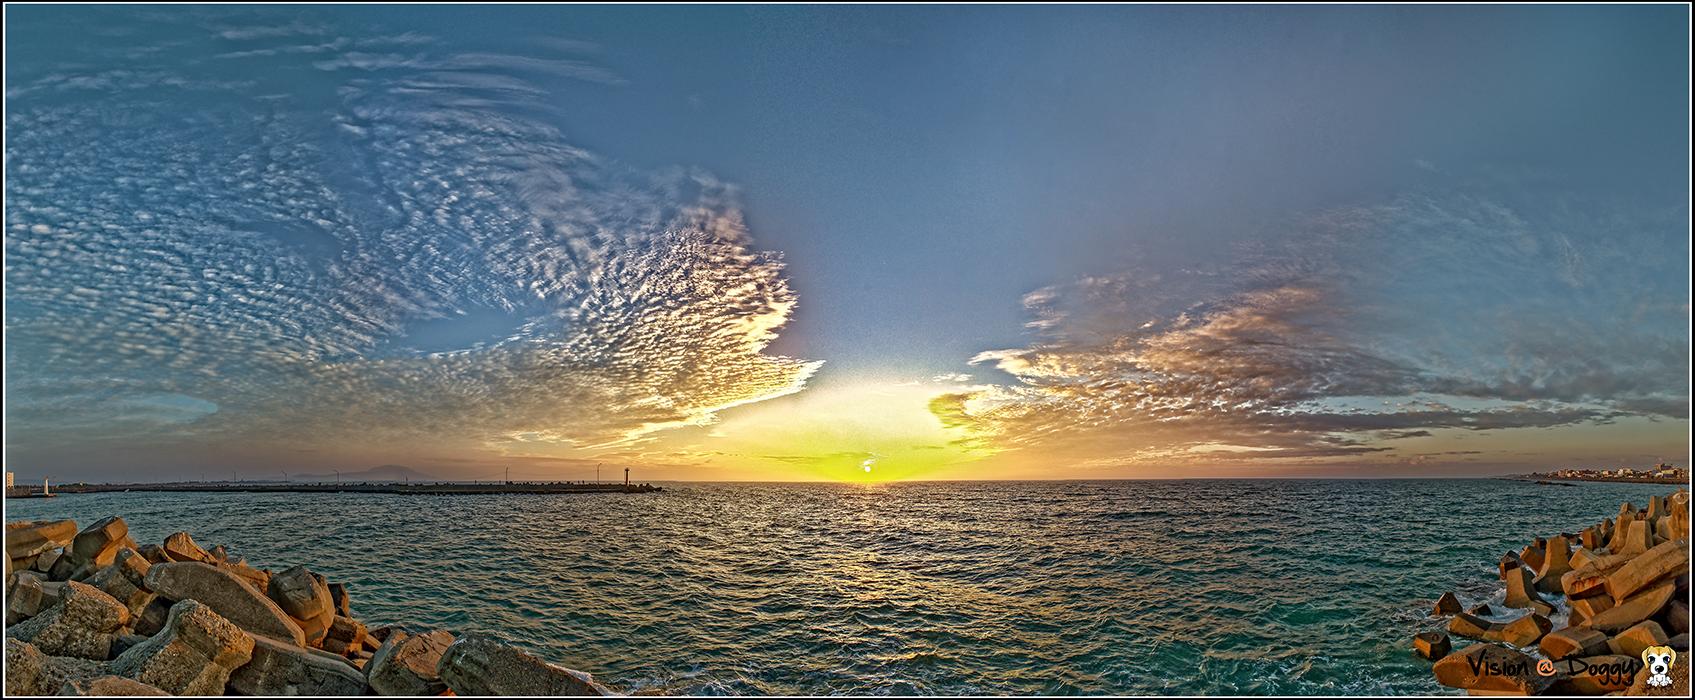 http://blog.hunternet.com.tw/wp-content/uploads/2018/12/pic-20181222-01-sunset.png
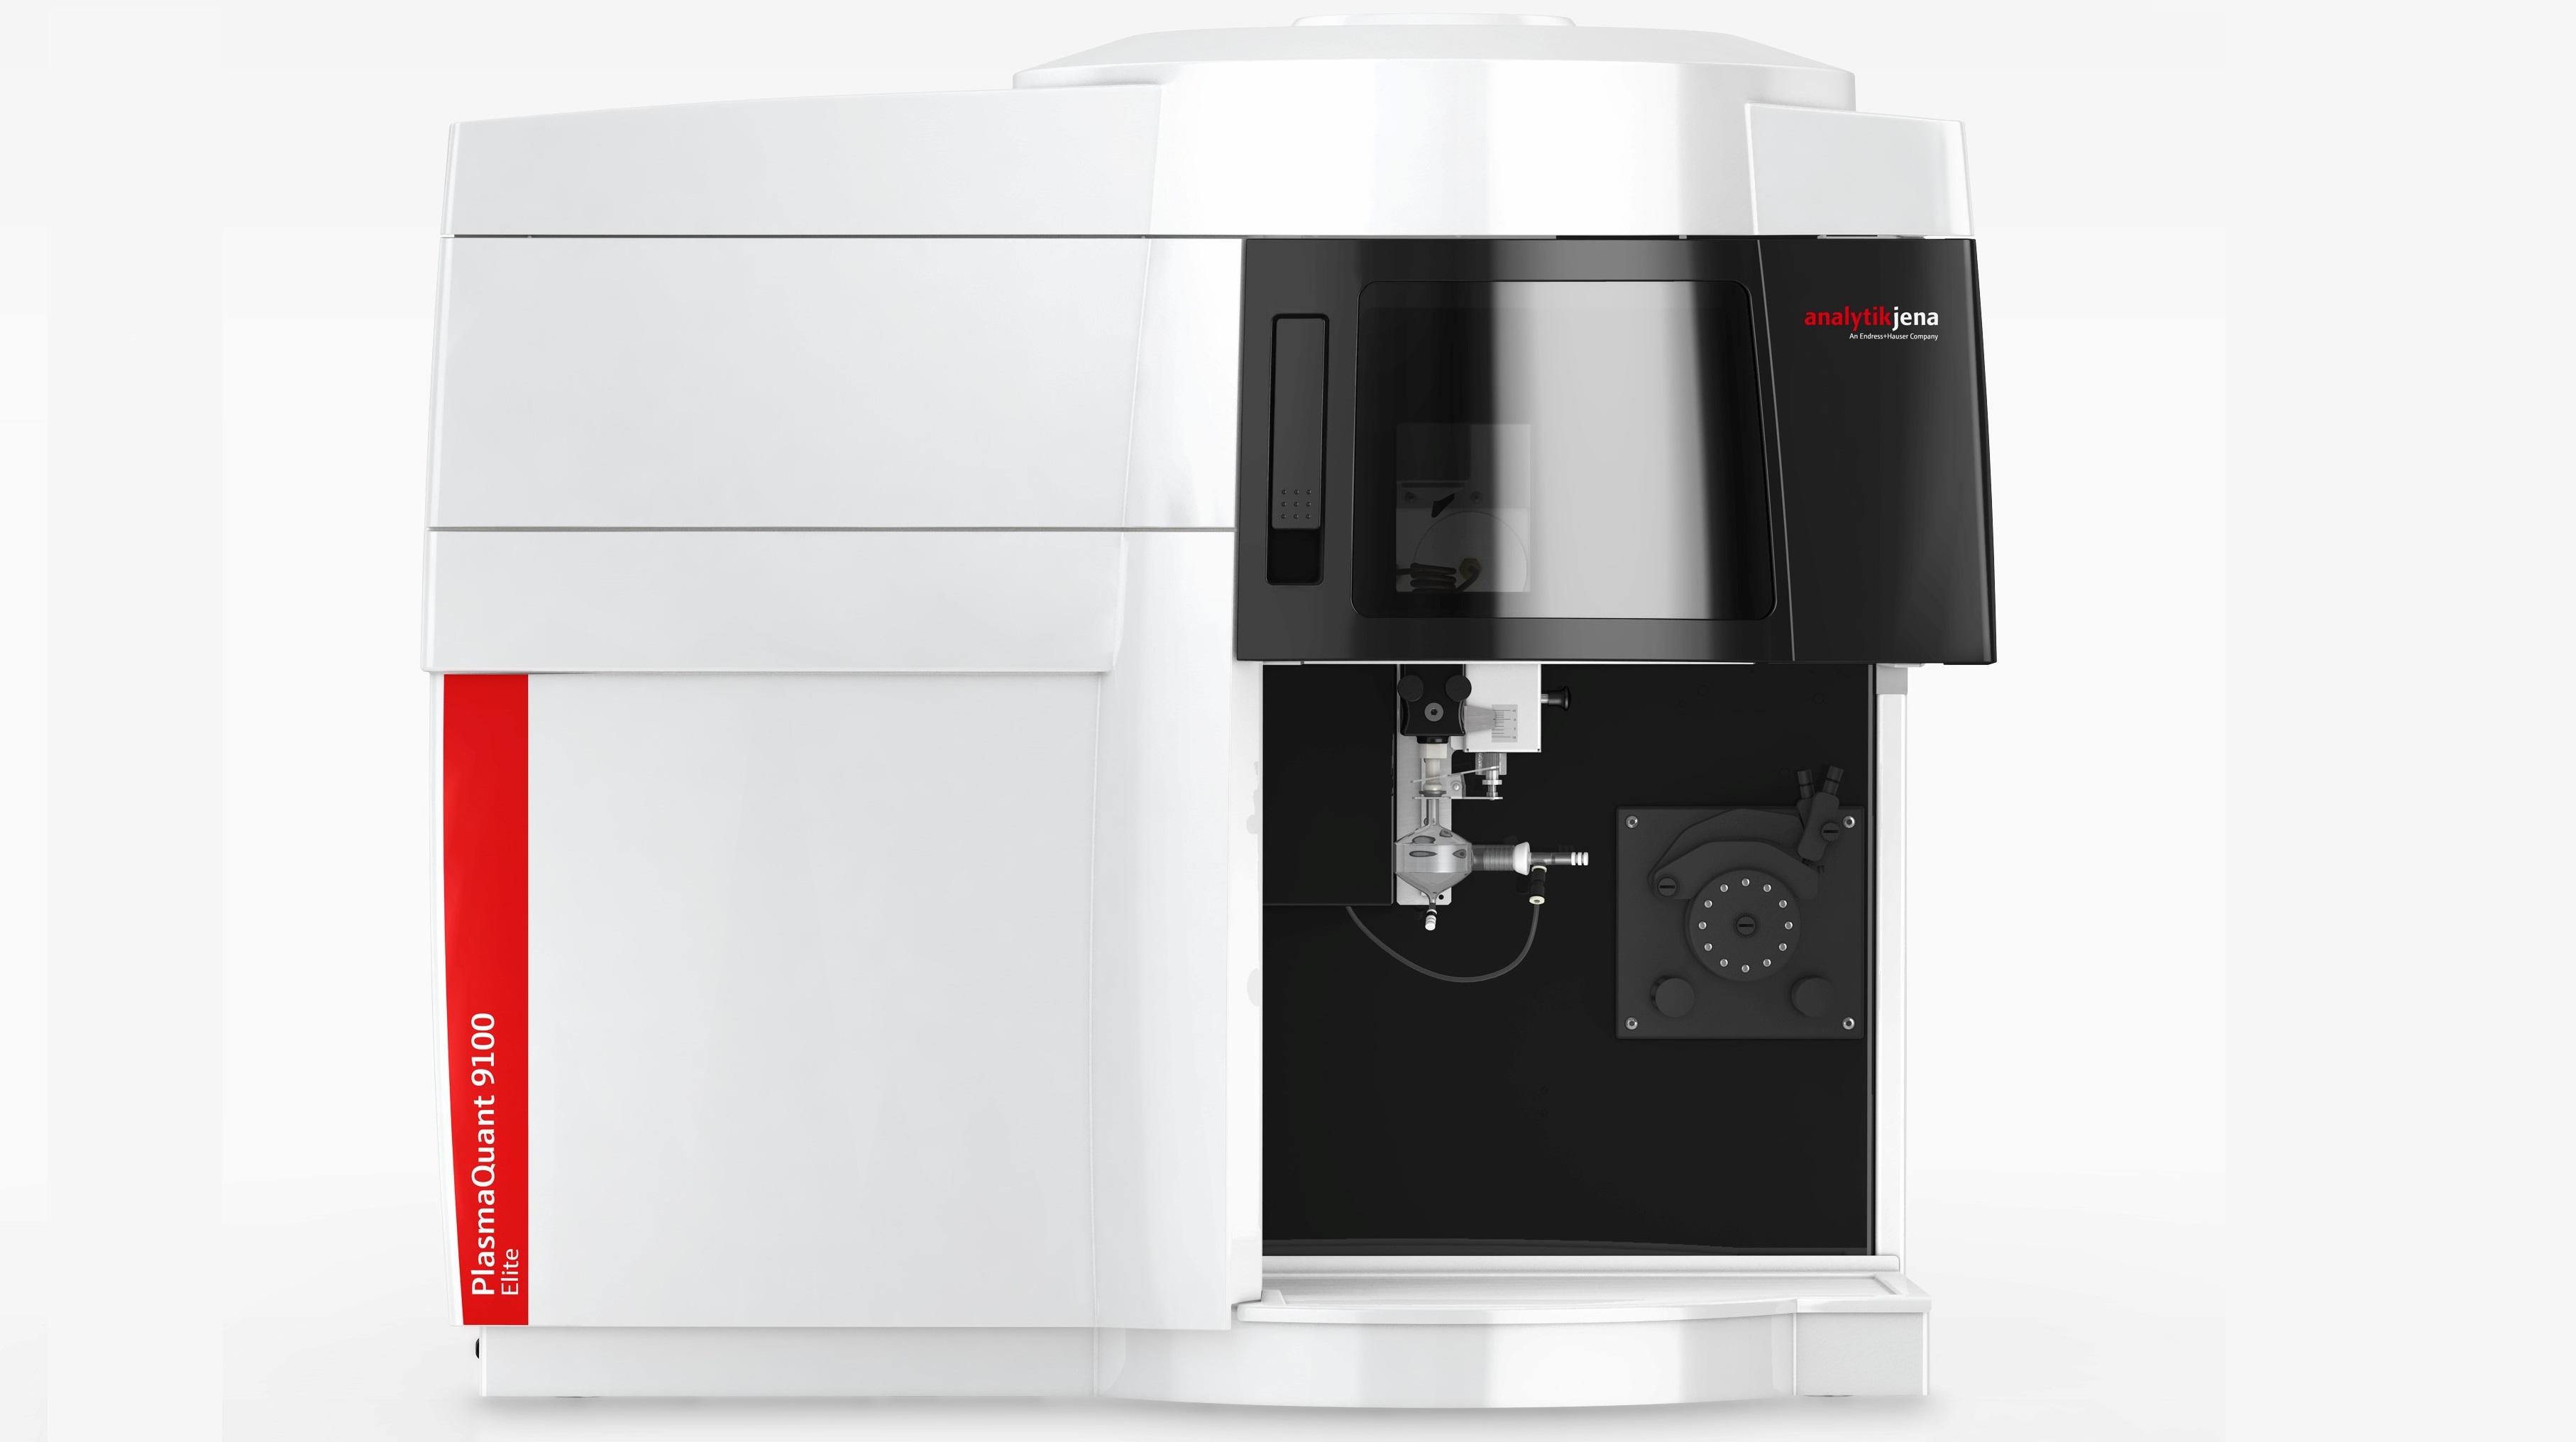 ICP発光分光分析装置PQ9100Elite
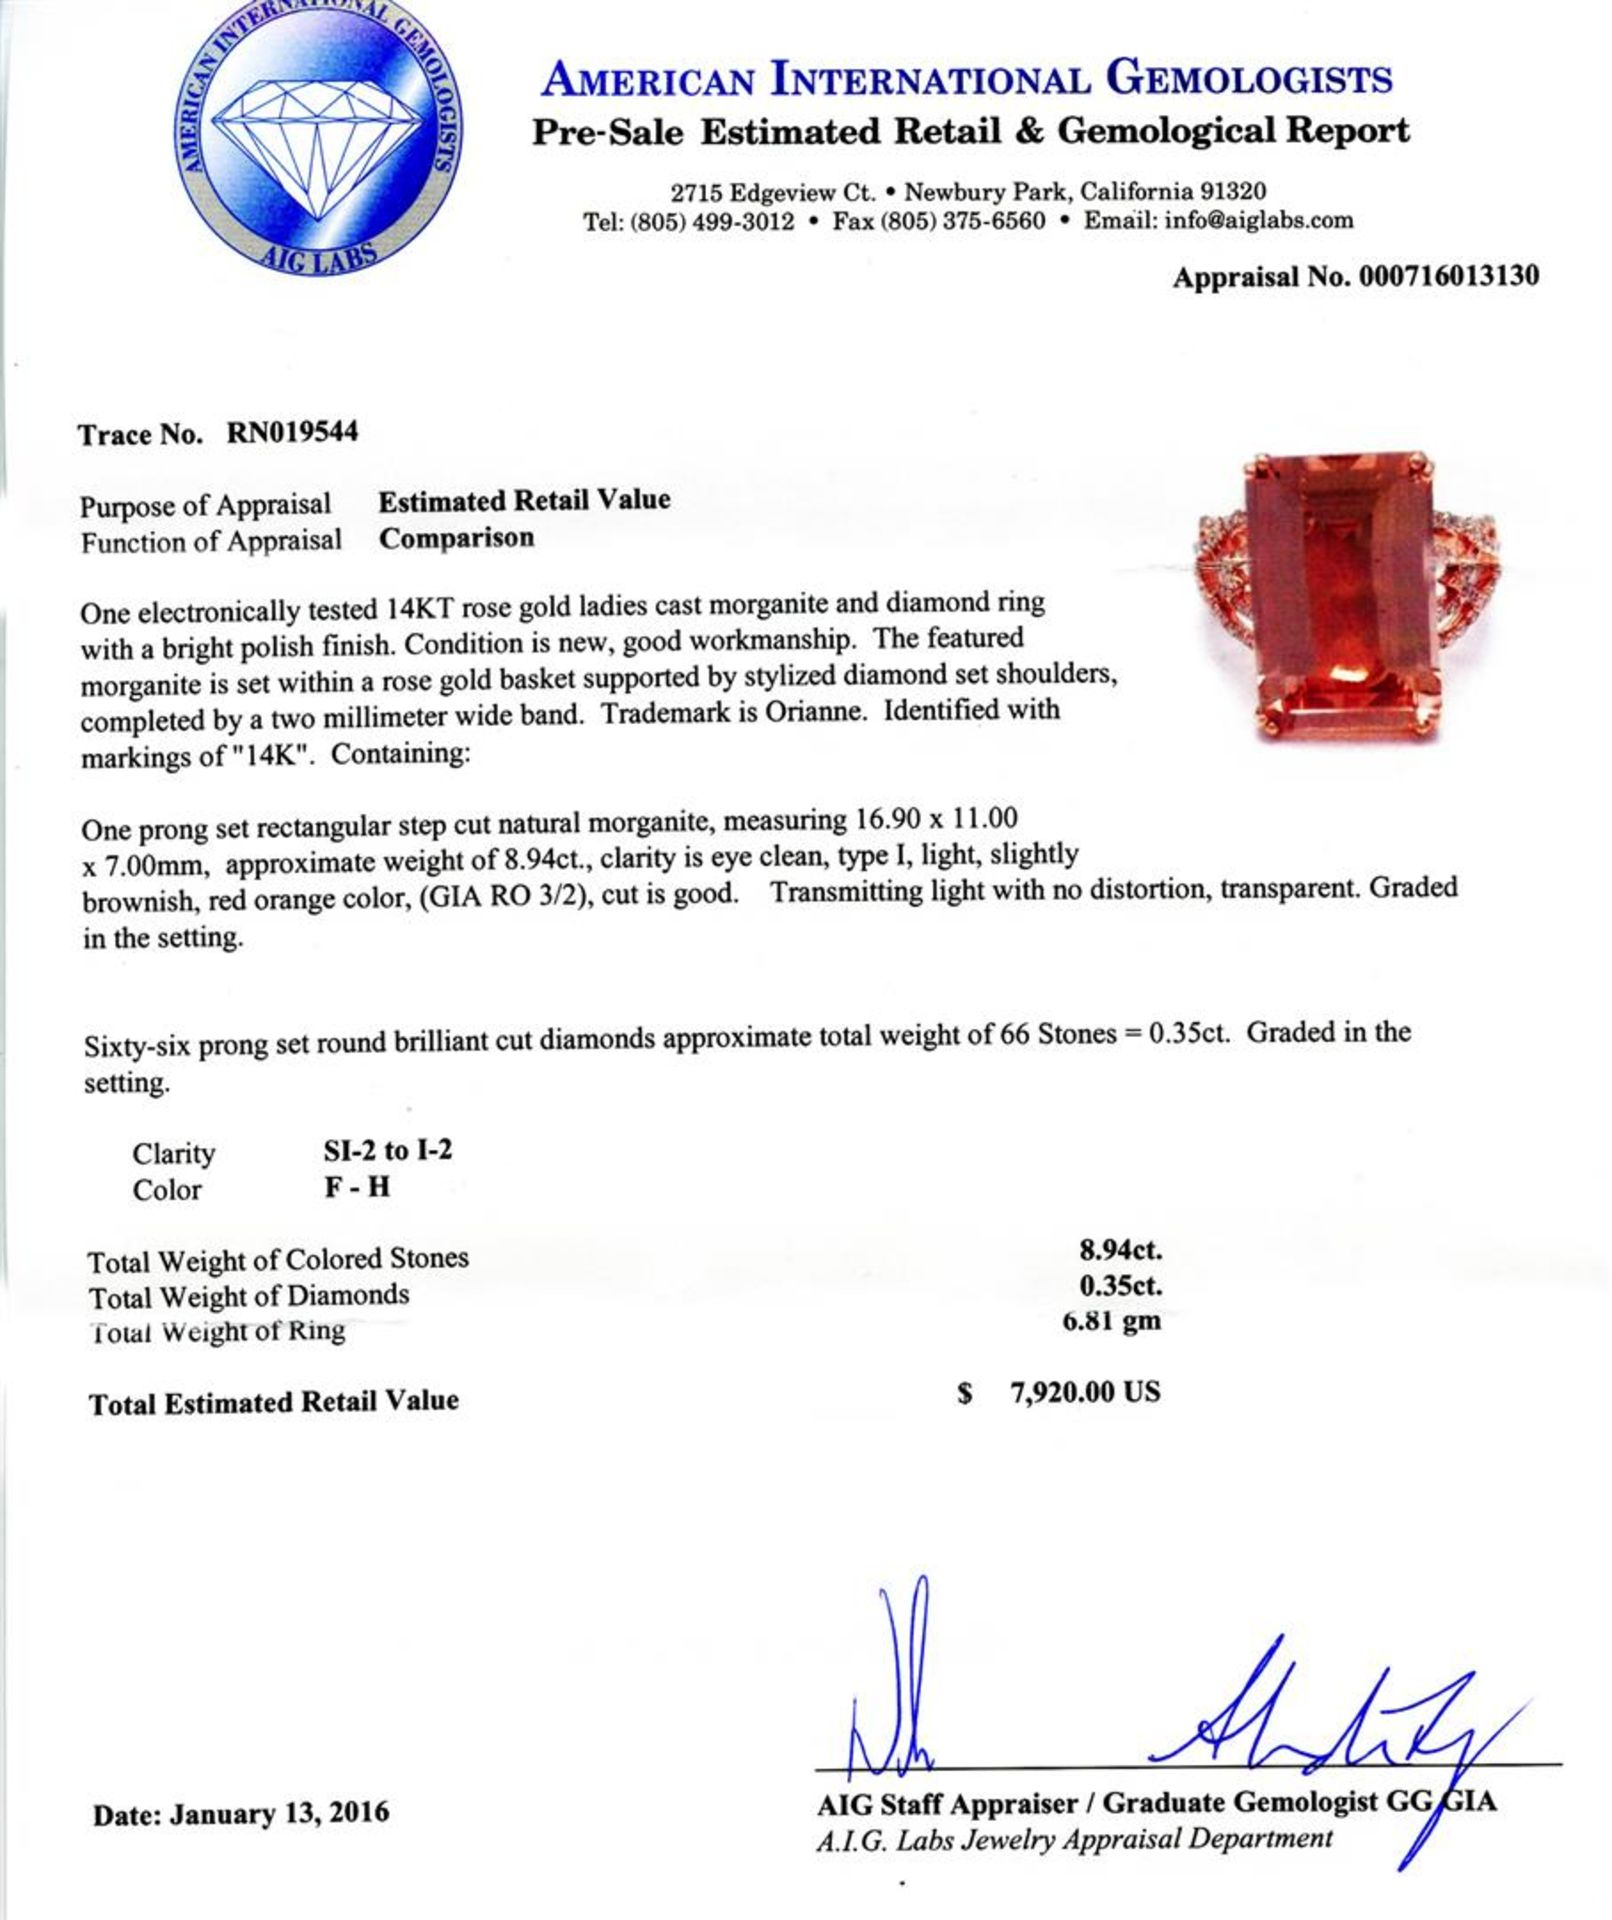 8.94ct Morganite and 0.35ctw Diamond 14K Rose Gold Ring - Image 4 of 4

> **Required work**: All of the data above must be printed exactly, minus its pictures.

> **Result of this task**:
 http://blog.hunternet.com.tw/wp-content/uploads/2018/12/pic-20181222-01-sunset.png
 ICP発光分光分析装置PQ9100Elite
 8.94ct Morganite and 0.35ctw Diamond 14K Rose Gold Ring - Image 4 of 4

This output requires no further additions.